Speaking of security, I also take some kernel-level precautions. On ERP servers, I blacklist all unnecessary kernel modules. For example, preventing the loading of modules like algif_aead which have had past CVE records (like CVE-2026-31431), narrows the attack surface. Scanning Nginx logs with fail2ban and blocking IPs that serially produce 404 or 401 errors at the firewall level is also part of my standard procedure.

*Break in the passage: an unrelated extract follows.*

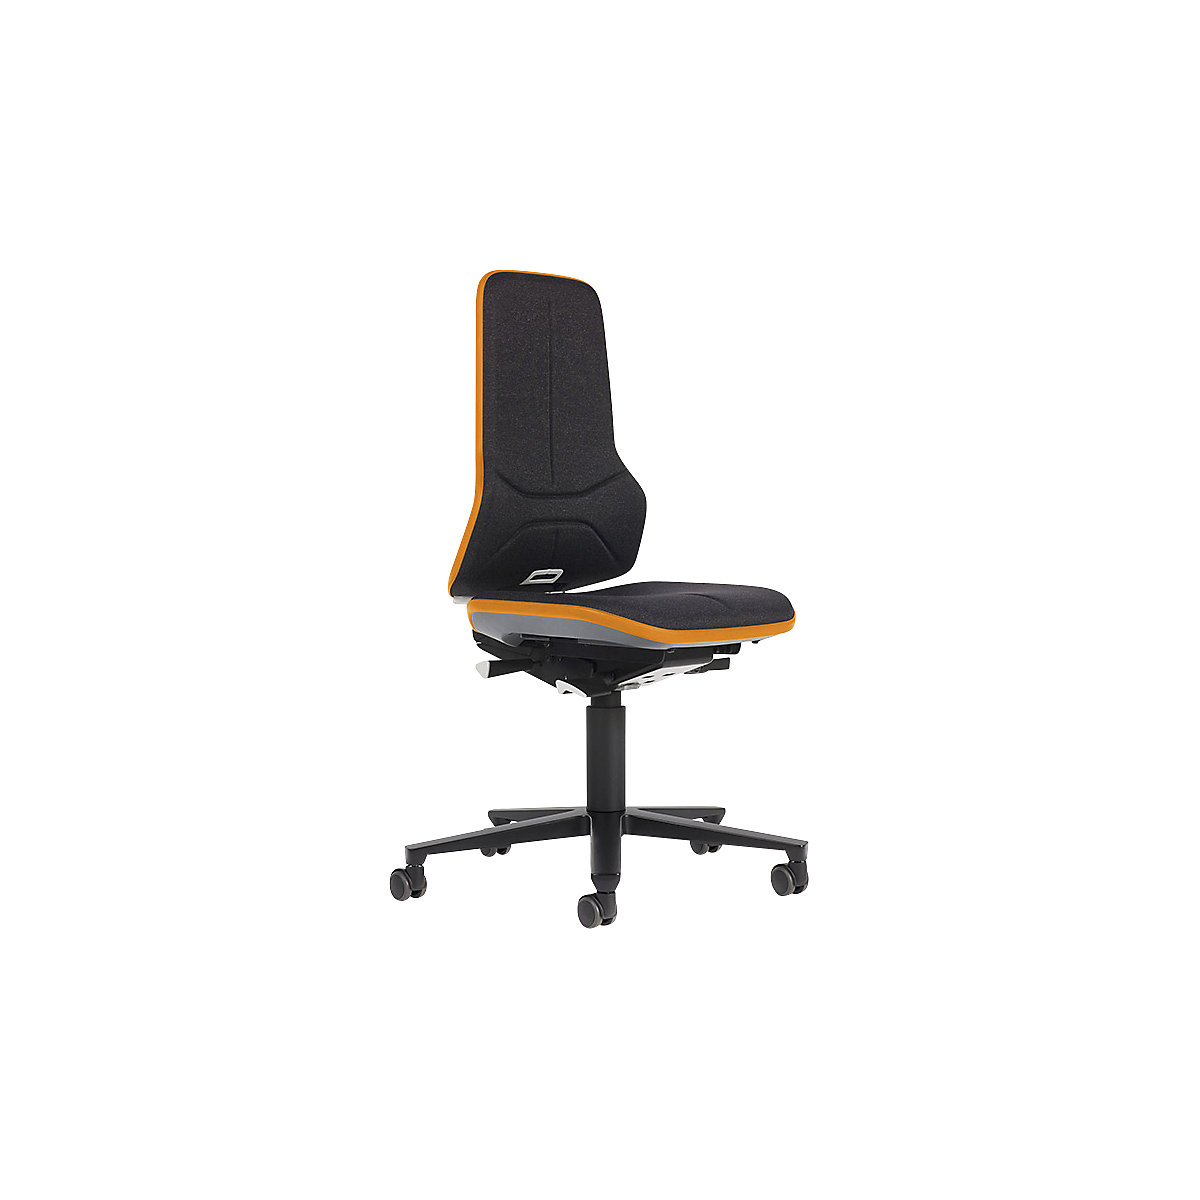 Pracovní otočná židle NEON, kolečka – bimos, synchronní mechanika, látka, oranžový flexibilní pás-9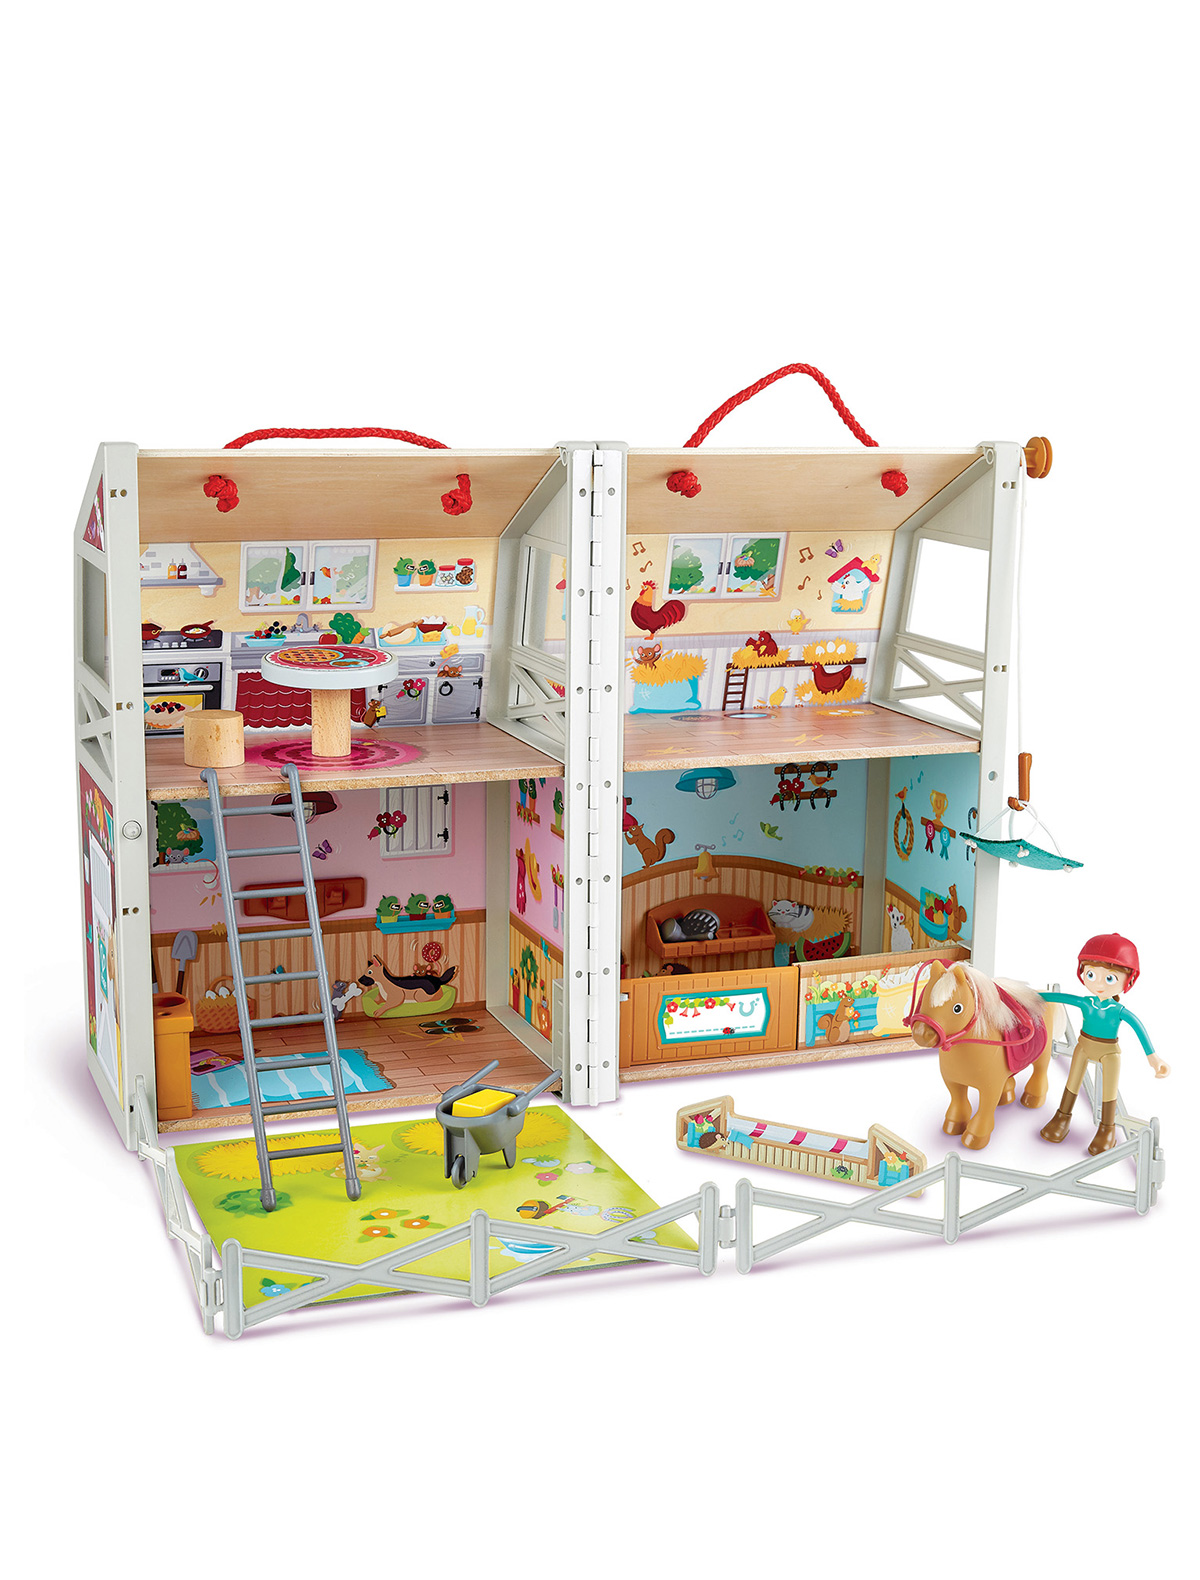 Игрушка Hape кукольный домик конструктор для девочек с мебелью куклой 2 этажа 4 комнаты 370000009

Database Performance: PostgreSQL WAL Bloat and Index Strategies

In a manufacturing ERP, data volume grows rapidly. The stock movements table alone can reach 50 million rows in a year. At this point, standard B-tree indexes start to become insufficient. Especially for timestamped data, using BRIN (Block Range Index) can reduce index size from 100 MB to 500 KB and significantly increase insert performance.

In an incident last month, I saw PostgreSQL's WAL (Write Ahead Log) files fill the disk to 100%. The reason was the failure of archive_command during a massive data transfer (import). When the disk filled up, the database went into self-protection mode and shut down. To prevent such disasters, it's necessary to tune max_wal_size and min_wal_size settings according to server RAM and definitely monitor long-running transactions with a monitoring tool (e.g., via pg_stat_activity).

# PostgreSQL Configuration Check
# /var/lib/postgresql/data/postgresql.conf
max_connections = 200
shared_buffers = 4GB # 25% of total RAM
effective_cache_size = 12GB # 75% of total RAM
maintenance_work_mem = 1GB
checkpoint_completion_target = 0.9
wal_buffers = 16MB
default_statistics_target = 100
random_page_cost = 1.1 # If SSD is used
Enter fullscreen mode Exit fullscreen mode

Additionally, I offload reporting load from the main server by using logical replication at the database level. Pulling heavy cost reports while production is ongoing can inflate disk I/O and freeze operator screens. Running reports always from a "Read Replica" is essential for operational continuity. [related: PostgreSQL WAL bloat management]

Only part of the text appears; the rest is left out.